What to produce :: Only a slice of the listing below is wanted. Retype the lines from the one containing "Verteilung der Fallzahlen" through the one containing "Сертификат партнера - LANMASTER", exactly, both ends included.

Data to use ::
++++++++++++++++++++

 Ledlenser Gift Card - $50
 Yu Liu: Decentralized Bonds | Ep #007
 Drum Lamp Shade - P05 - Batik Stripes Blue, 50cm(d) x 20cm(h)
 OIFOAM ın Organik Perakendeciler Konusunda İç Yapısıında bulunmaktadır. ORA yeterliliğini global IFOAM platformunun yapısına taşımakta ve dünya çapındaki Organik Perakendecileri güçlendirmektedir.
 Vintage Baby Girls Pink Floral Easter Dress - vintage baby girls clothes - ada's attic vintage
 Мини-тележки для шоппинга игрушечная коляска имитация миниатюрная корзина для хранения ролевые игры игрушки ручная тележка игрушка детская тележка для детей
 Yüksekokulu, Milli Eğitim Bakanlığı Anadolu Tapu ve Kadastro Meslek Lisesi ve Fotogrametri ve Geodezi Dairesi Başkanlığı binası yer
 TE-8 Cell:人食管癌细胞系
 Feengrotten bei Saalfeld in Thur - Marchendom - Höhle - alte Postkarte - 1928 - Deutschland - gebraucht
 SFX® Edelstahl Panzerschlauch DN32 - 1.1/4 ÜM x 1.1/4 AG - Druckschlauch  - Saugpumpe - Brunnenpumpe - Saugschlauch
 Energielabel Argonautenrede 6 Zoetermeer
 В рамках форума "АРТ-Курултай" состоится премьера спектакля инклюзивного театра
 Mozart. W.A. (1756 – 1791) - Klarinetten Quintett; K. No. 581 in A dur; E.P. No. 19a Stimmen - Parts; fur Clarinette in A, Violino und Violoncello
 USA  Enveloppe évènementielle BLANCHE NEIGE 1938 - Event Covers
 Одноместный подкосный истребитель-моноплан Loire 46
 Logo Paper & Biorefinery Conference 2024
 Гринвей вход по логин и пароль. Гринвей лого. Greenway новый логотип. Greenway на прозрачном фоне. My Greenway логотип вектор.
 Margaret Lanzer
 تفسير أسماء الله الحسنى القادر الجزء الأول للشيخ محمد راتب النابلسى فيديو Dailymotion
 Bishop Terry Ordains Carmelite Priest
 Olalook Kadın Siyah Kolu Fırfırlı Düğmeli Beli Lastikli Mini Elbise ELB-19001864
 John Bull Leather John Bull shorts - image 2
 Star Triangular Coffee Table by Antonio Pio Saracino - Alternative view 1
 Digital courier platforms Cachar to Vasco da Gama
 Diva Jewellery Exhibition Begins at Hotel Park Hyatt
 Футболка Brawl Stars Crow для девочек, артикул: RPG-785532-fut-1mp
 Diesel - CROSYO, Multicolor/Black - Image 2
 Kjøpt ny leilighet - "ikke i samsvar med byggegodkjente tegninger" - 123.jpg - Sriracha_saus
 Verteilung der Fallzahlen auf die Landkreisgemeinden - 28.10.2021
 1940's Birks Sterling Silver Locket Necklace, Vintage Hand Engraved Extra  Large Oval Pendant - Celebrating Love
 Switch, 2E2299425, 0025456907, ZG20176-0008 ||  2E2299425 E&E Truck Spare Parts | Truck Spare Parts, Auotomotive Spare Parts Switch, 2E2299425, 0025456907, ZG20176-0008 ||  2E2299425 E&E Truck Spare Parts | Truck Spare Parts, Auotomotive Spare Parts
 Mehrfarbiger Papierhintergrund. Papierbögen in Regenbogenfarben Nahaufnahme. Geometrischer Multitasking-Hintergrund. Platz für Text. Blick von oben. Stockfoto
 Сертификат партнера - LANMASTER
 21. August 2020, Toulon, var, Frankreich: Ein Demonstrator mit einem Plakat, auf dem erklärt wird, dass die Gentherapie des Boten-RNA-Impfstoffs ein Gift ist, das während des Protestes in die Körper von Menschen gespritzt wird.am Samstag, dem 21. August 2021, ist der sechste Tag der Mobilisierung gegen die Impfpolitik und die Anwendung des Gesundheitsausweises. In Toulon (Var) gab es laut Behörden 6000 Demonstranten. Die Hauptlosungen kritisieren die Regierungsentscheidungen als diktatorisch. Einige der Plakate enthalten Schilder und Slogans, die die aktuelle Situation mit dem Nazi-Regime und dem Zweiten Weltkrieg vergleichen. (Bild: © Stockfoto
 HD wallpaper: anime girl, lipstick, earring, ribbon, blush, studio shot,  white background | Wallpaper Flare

++++++++++++++++++++

Answer section ::
 Verteilung der Fallzahlen auf die Landkreisgemeinden - 28.10.2021
 1940's Birks Sterling Silver Locket Necklace, Vintage Hand Engraved Extra  Large Oval Pendant - Celebrating Love
 Switch, 2E2299425, 0025456907, ZG20176-0008 ||  2E2299425 E&E Truck Spare Parts | Truck Spare Parts, Auotomotive Spare Parts Switch, 2E2299425, 0025456907, ZG20176-0008 ||  2E2299425 E&E Truck Spare Parts | Truck Spare Parts, Auotomotive Spare Parts
 Mehrfarbiger Papierhintergrund. Papierbögen in Regenbogenfarben Nahaufnahme. Geometrischer Multitasking-Hintergrund. Platz für Text. Blick von oben. Stockfoto
 Сертификат партнера - LANMASTER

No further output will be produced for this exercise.